The treatments offered at the various alcoholism centres in South Africa and the UK today are far more advanced than previous methods used. This is because today, more is known about alcoholism: the causes, the disease, progression of the illness, the best treatments and the best maintenance programmes.
Alcoholism has been a recognised illness for many years. Whilst there is nothing too concerning about occasional over-indulgence in alcohol, those who over indulge to the point of sacrificing their jobs, their friendships, their families and their security for their drinking habit have a serious addiction problem and need help. An alcoholic is someone with the disease of alcoholism; a person who cannot stop their excessive alcohol consumption, even when they are fully aware of what they are losing and the potentially fatal results this may have. Alcoholics Anonymous or AA is a fellowship of recovering alcoholics who help each other stay sober, and was founded on the 10th of June 1935. Many alcoholics have found sobriety through this fellowship. Many who have resided in an alcoholism centre have found sobriety through the help Alcoholics Anonymous has given them during and after their time in treatment.
There was little hope for alcoholics trapped in the obsessive and compulsive cycle of drinking before AA was founded. Many were simply taken to mental hospitals and institutions to be restrained and allowed to ‘dry out.’ Drying out is a term used to describe an alcoholic undergoing withdrawals from alcohol to ‘sober up.’ Others were taken to church, doctors, psychiatrists, and other organisations to try and rid them of their alcoholism. However, once they were no longer under the influence of either these external pressures or the alcohol, their first action was usually to return to drinking. The disease of alcoholism In the present day, many professionals dealing with alcoholism and alcoholics on a daily basis believe that this condition is a brain disease. It is incurable, progressive and fatal but can be arrested and managed.

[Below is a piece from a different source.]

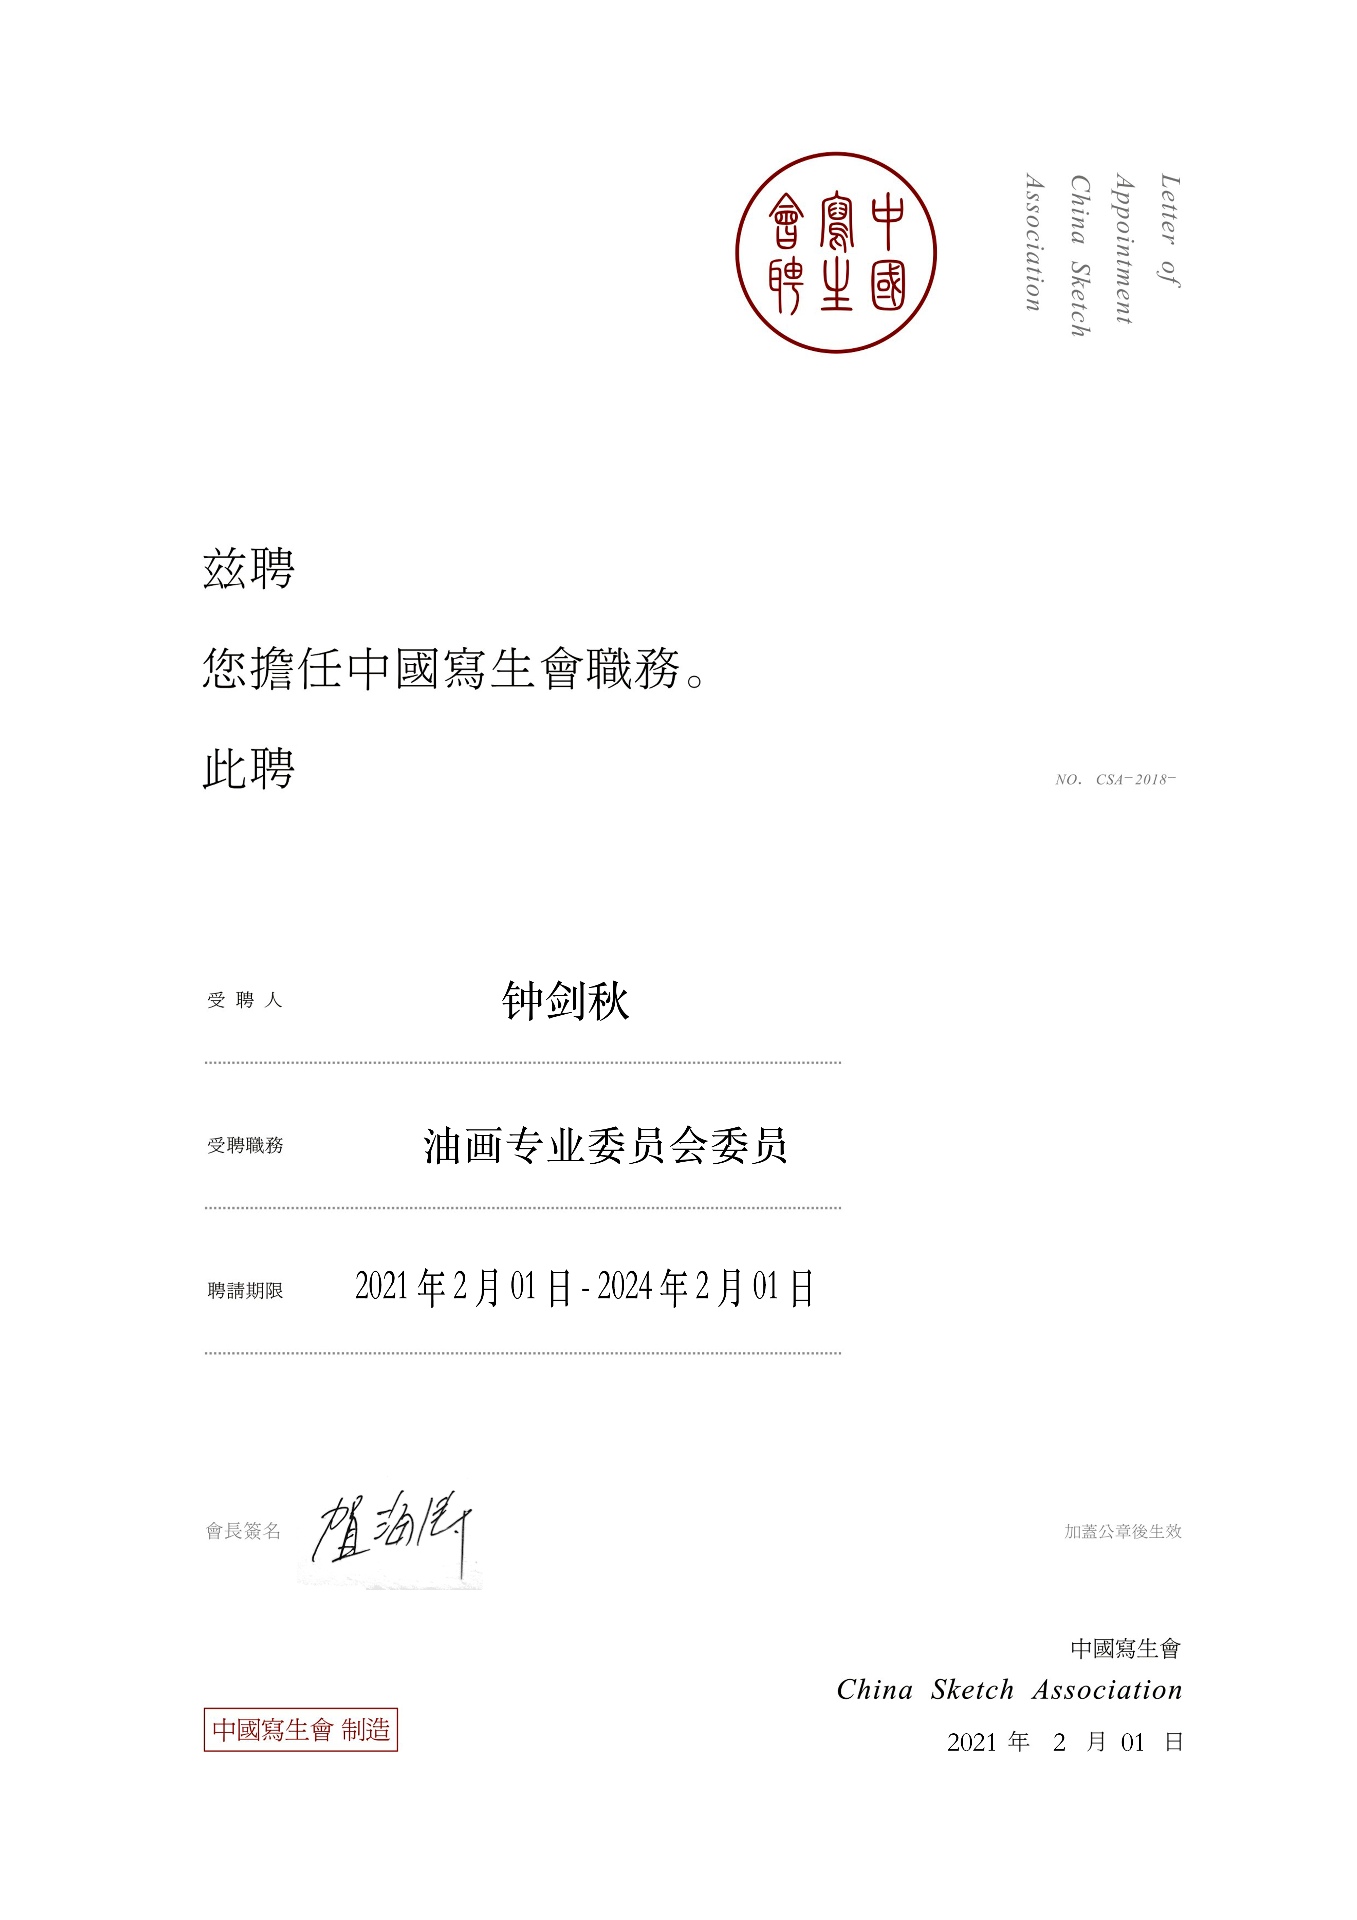 鐘劍秋副教授接受中國寫生會油畫專業委員會委員聘書
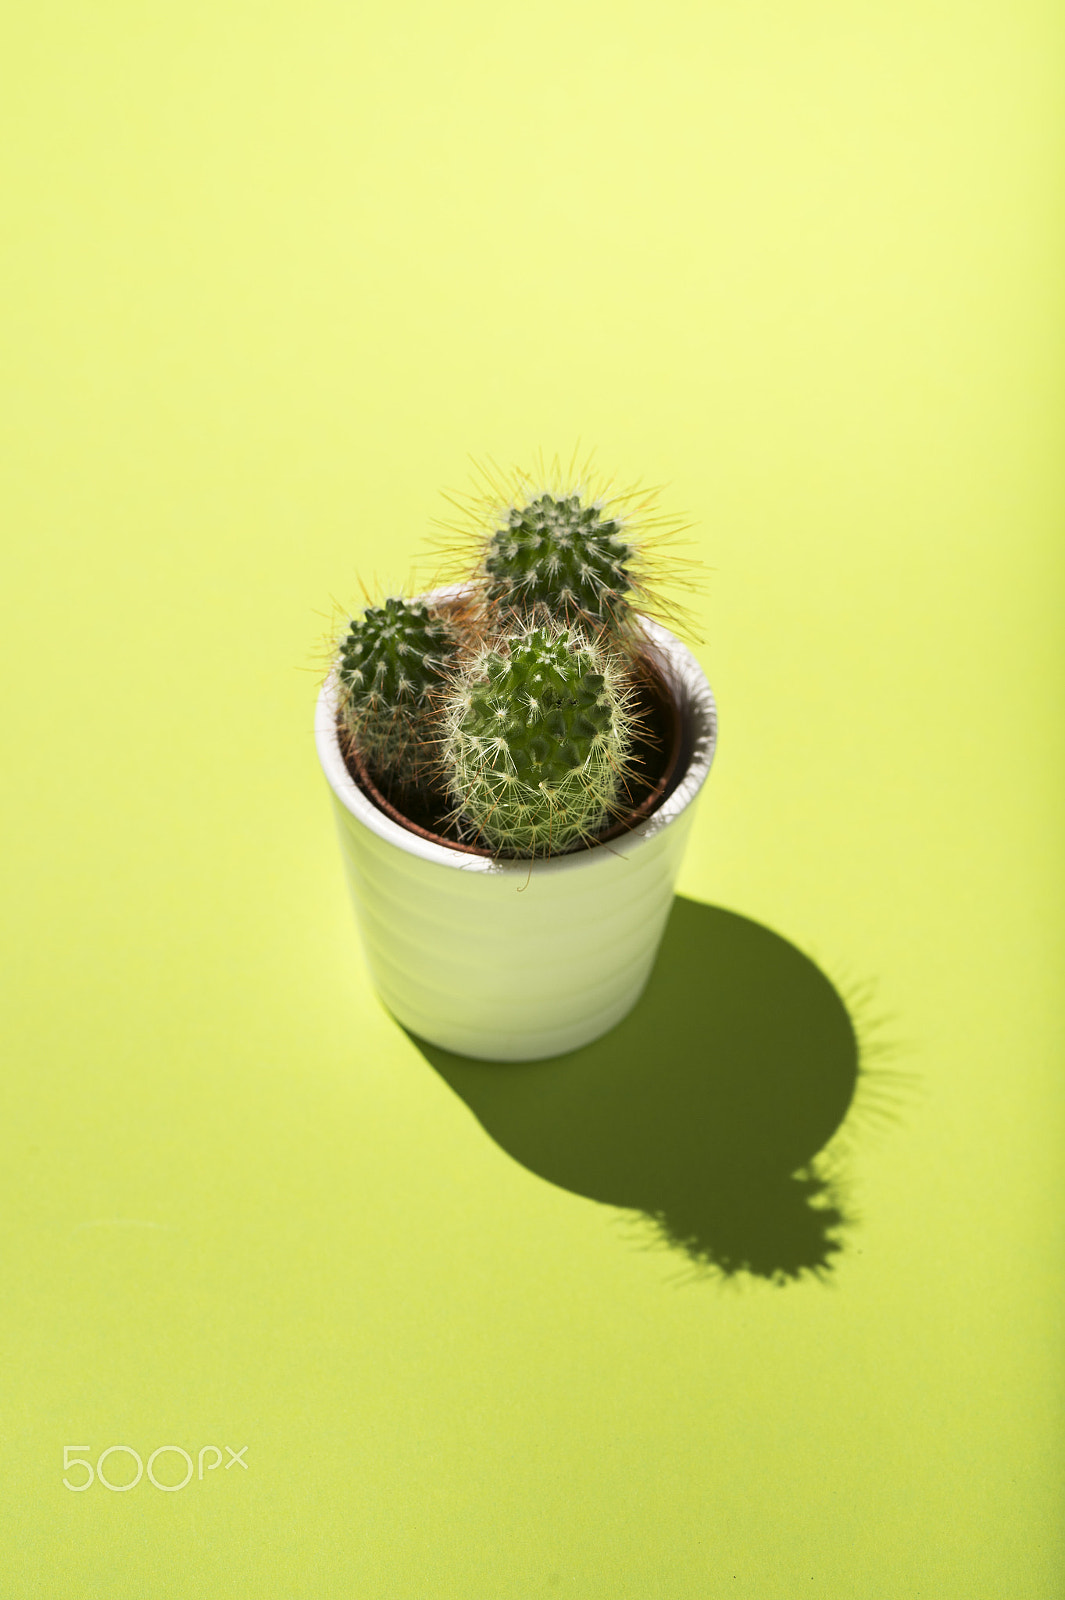 Nikon D4 sample photo. Sweet tiny cactus photography

For an alcoholic to arrest and manage their disease they need to do two things: one – they need to become sober, and two – they need to remain sober. Time as an in-patient in an alcoholism centre or clinic can help this process immensely.
Achieving sobriety is not something an alcoholic can often do alone. Despite their best intentions, an alcoholic cannot stop drinking without help from outside. This outside help can include support from a 12 Step fellowship, and alcohol addiction counselling at an alcoholism centre.
The disease concept of alcoholism states that the illness is an allergy to alcohol, which is present from birth. Others believe that the disease is caused by external factors, and others believe that the illness is caused by a combination of genetic and environmental aspects. A person with the disease will have a first drink that will change their lives, as the disease is ready and waiting. It has not been proven as yet, but many alcoholics report feeling ‘different’ and ‘like an outsider’ as a child, no matter the evidence to the contrary, such as, how many friends they had.
The signs of alcoholism – what to look out for: Alcoholism is a progressive disease. This means that once a person has moved through the alcohol abuse symptoms and into full blown alcoholism symptoms, the disease will continue to progress unless effective treatment is found at one of many quality rehabs. Fortunately quality addictions treatment is available on the private market in South Africa and the UK & WeDoRecover can arrange immediate admission for yourself or a loved one.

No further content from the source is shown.